In a joint work with my undergraduate research students Miss Almas Abdulla (MIT, Class of 2014) and Rashad Abdulla (UPenn, Class of 2017) we revealed a new law of the distribution of periodic orbits in chaotic regime for the one parameter family of discrete dynamical systems. We presented a new constructive proof of the result on the structure of minimal $2(2k+1)$-orbits of the continuous endomorphisms $f:I \to I$, where $I$ is a nondegenerate interval on the real line. It is proved that there are four types of digraphs with accuracy up to inverse graphs. It is demonstrated that the first appearance, as the parameter increased, of the $2(2k+1)$-periodic window within the chaotic regime in the bifurcation diagram of the one-parameter family of logistic type unimodal continuous endomorphisms is always a minimal $2(2k+1)$-orbit with Type I digraph.

In summer session of 2014 students will pursue research on the fine classification of the periodic orbits of the continuous endomorphisms and analysis of the structure of the periodic windows within the chaotic regime of the bifurcation diagram for the unimodal continuous endomorphisms.
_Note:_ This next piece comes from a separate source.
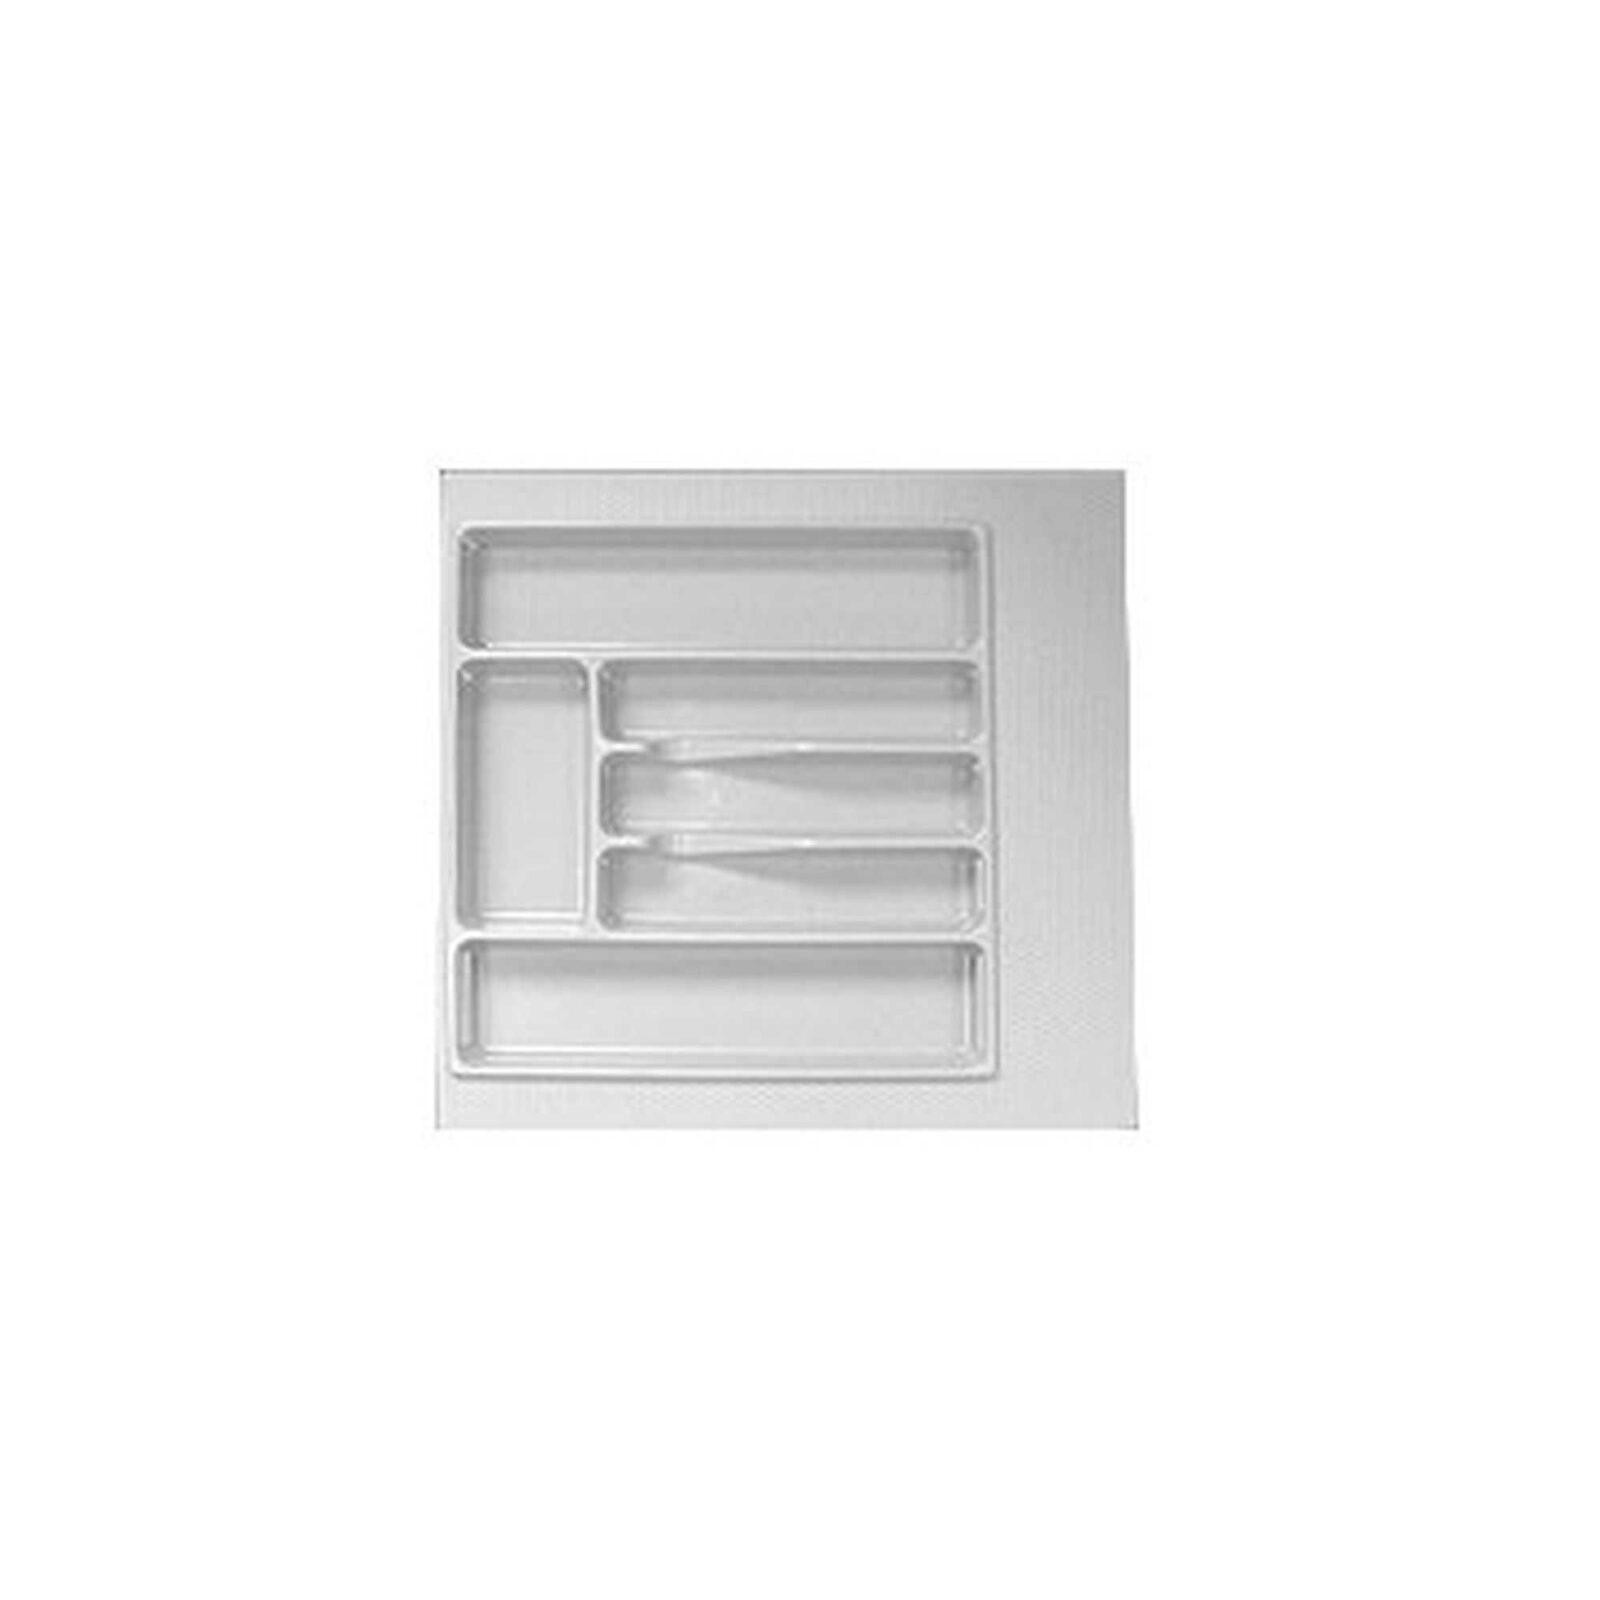 Лоток для столовых приборов М500-550 (470х490) серый

This research requires creative combination of theoretical and numerical analysis.

#### References

- A. U. Abdulla, R. U. Abdulla, U. G. Abdulla, On the Minimal 2(2k+1)-orbits of the Continuous Endomorphisms on the Real Line with Application in Chaos Theory, Journal of Difference Equations and Applications, Volume 19, 9(2013), 1395-1416.
- L. S. Block, W. A. Coppel, Dynamics in One Dimension, Springer-Verlag, Berlin, 1992.